Best Practice 3: Enable Monitoring and Tracing Only Where It's Needed
In addition to or instead of sampling and filtering for tracing, the other robust practice we can use to manage the impact of Phobos inside high throughput Akka.NET applications is to simply turn off tracing and monitoring where it's less valuable and leave it on only where it is.
The easiest way to do this is to use a Phobos configuration that looks like the following:
akka.actor{
provider = "Phobos.Actor.PhobosActorRefProvider, Phobos.Actor"
deployment{
# use custom sample rates and filtering for high-throughput actors
/coordinator{
phobos{
# ensure that all descendants of /user/coordinator have these settings
propagate-settings-to-children = on
tracing{
sample-rate = 0.1 #10% sample rate
filter{
mode = whitelist
message-types = [
"Phobos.Docs.Samples.Tests.Tracing.IFilteredMessage, Phobos.Docs.Samples.Tests",
"System.Int32"
]
}
}
monitoring{
sample-rate = 0.1 #10% sample rate
monitor-mailbox-depth = off # don't monitor mailboxes
}
}
}
}
}
phobos{
tracing.enabled = off
monitoring.enabled = off
}
Under these settings, all actors except for those deployed under the /user/coordinator
path won't monitor anything by default.
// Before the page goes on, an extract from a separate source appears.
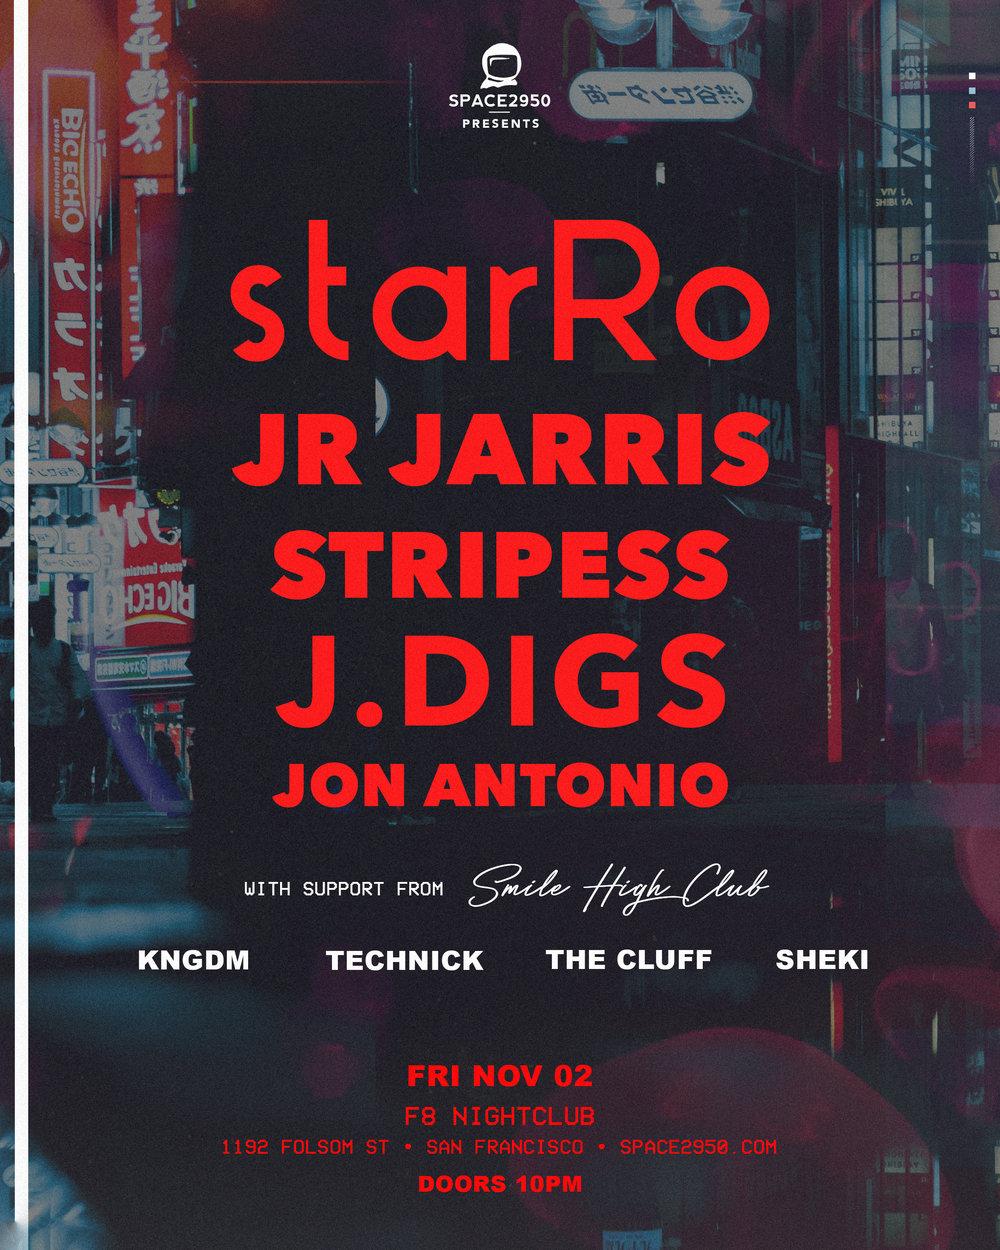 starRo + JR JARRIS Event Flyer (1).jpg

However, the /user/coordinator
actor and all of its children, grandchildren, and any other descendant actors will record tracing and monitoring events at a 10% sample rate with the whitelist filter applied for tracing; this is because the phobos.propagate-settings-to-children
option is to set to on
and this value is applied recursively down the hierarchy.
As you can see in our benchmarks, the performance impact of Phobos on actors when tracing and monitoring aren't enabled is within the margin of error. Therefore, with this configuration most of the actors will continue to process messages at their usual throughput and memory consumption even with Phobos installed.